A: HAL has grown into a mega-daemon doing a little bit of everything, it
evolved with DBUS over a number of years and is now pretty horrible
code. The DeviceKit set of daemons replace core functionality of HAL and
are developed by the very same maintainers as HAL was.
HAL also has a very low level interface, and so apps needed tons of
complicated code in the session to do simple things like work out
remaining battery lifetime.

Q: Is anything else going to use DeviceKit-$foo?
A: In the future gvfs will depend on DeviceKit-disks, not HAL

Q: Yet another system daemon?!?
A: No, all the DeviceKit daemons are system activated and low footprint,
so if you don't need them they don't get started.

Q: Can't you have --enable-hal and enable-devicekit in configure?
A: Not without a thousand #ifdefs, we would essentially have two
seporate engines which I don't want to support.

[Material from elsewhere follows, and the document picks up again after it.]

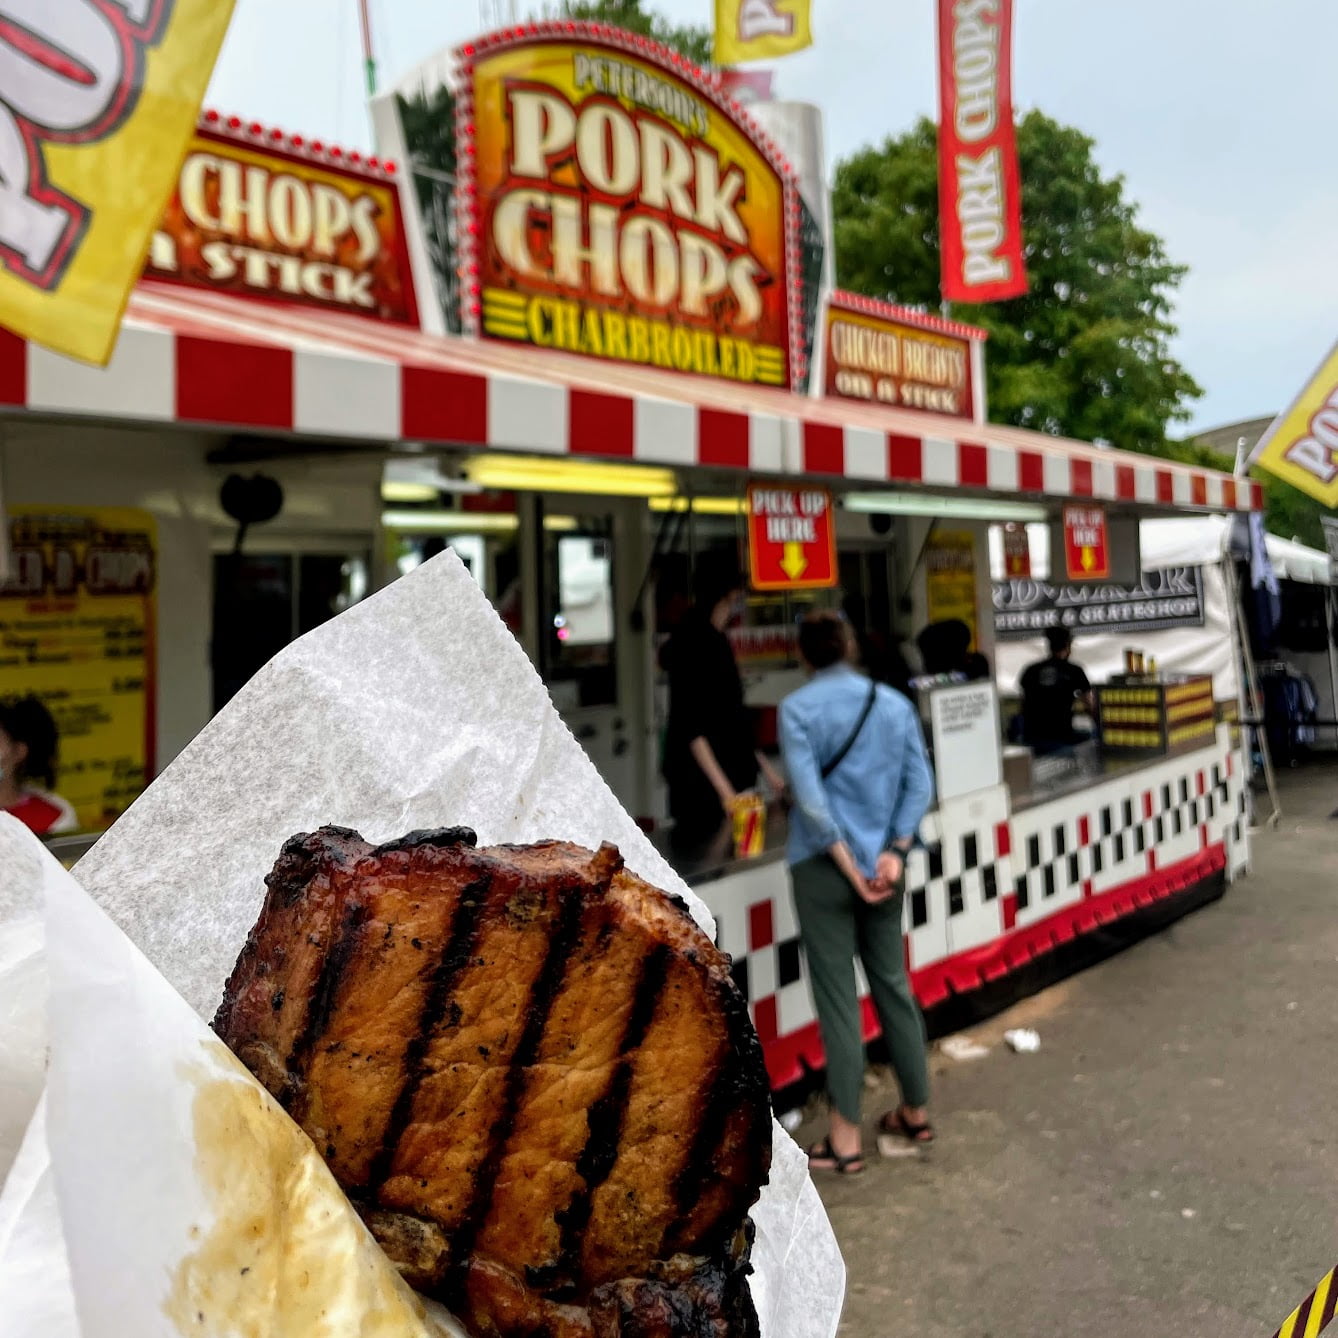 pork chop state fair Andrea abroad

I'm was trying to do
that on trunk and it's was getting crazy.

DeviceKit-power also implements a QoS (Quality of Service) interface for
latency control, and in the future will be used for _aggressive_
application power control. This is needed to produce a desktop that uses
little power when idle, but doesn't feel sluggish. There's more
information about this on my blog too.

What I propose is to switch trunk to using DeviceKit-power, and if
distros don't want to ship the very new code in 2.26.0, they can stick
with the old HAL only code of 2.24.x, like some distros last cycle did
with GDM. Of course, I'll still continue to actively maintain the 2.24
in parallel with the new development.

Switching to DeviceKit-power allows me to make g-p-m the simple session
process it should be, rather than the mess of legacy and complex code it
is now.

DeviceKit-power and DeviceKit-disks just depend on the trivial DeviceKit
daemon which is a thin dbus wrapper around udev.

So, comments please.

Richard.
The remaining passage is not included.